Late 1138-early 1139
- Zengi captures Bizaah, Maarrat al-Nu'man and al-Atharib.
1139
- Spring. A Sicilian fleet accompanies Patriarch Ralph back to Antioch. Raymond forbids him to enter the town and the Patriarch settles in the County of Edessa.
- Earthquake destroys al-Atharib and Zardana.

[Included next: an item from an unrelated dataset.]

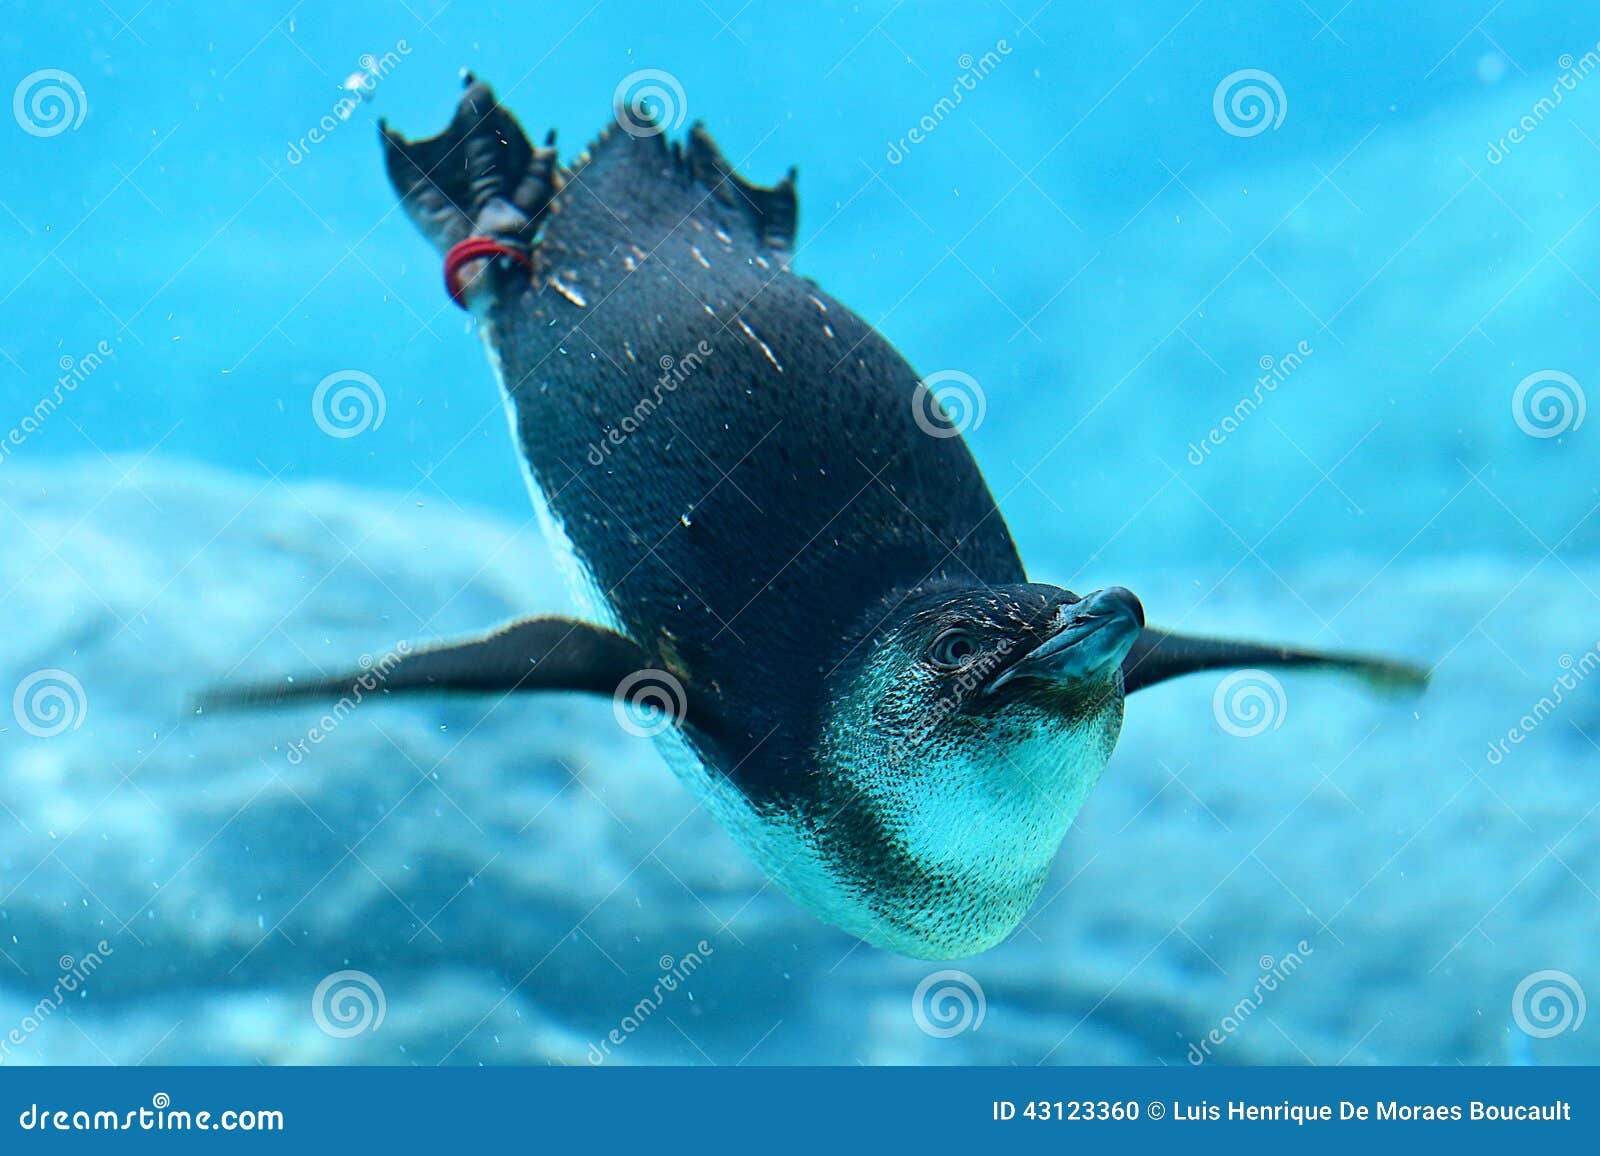 penguin & sydney aquarium

- Sawar invades the principality, but Raymond overcomes him.
1140
- December 2. A synod convoked by the papal legate, Alberic of Ostia, deposes Patriarch Ralph and elects Aimery of Limoges as patriarch.
1140/1141
- Turkomans launch a pillaging raid against the principality.
1141
- Antiochene troops pillage Kafartab and Sarmin. Sawar and Turkomans raid the principality as far as the gates of Antioch.
1142
- Invading forces from Aleppo rout Antiochene troops near Harim and at the Iron Bridge.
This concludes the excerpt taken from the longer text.